INPUT RECORDS
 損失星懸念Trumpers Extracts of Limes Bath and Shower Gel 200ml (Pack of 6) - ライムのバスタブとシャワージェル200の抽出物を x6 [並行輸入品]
* * *
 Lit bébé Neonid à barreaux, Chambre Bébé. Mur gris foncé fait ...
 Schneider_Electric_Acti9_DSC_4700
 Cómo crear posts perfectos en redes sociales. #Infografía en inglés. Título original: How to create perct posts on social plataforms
...
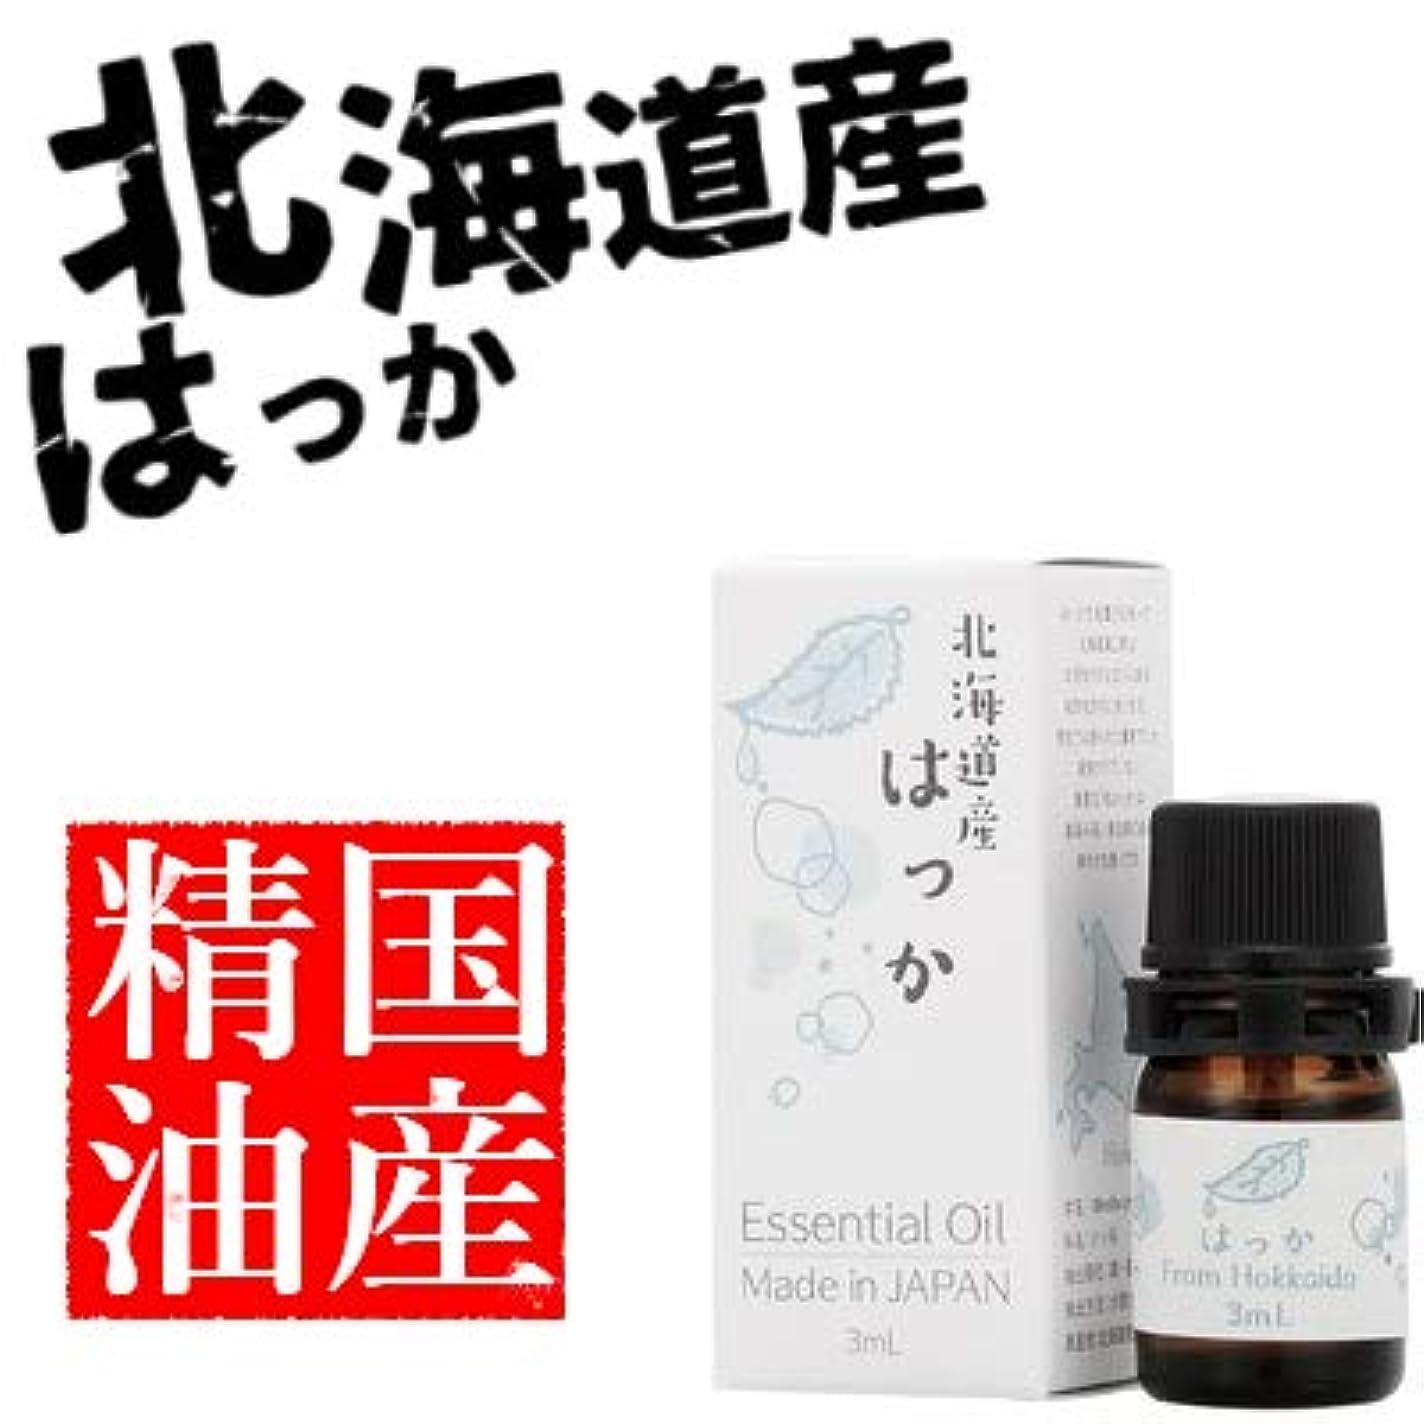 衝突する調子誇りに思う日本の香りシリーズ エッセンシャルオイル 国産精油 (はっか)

THE PROBLEM
Print, from the entries above, the line with "Schneider_Electric_Acti9_DSC_4700", the line with "Cómo crear posts" and all lines between them, exactly and with nothing else.

EXERCISE OUTPUT
 Schneider_Electric_Acti9_DSC_4700
 Cómo crear posts perfectos en redes sociales. #Infografía en inglés. Título original: How to create perct posts on social plataforms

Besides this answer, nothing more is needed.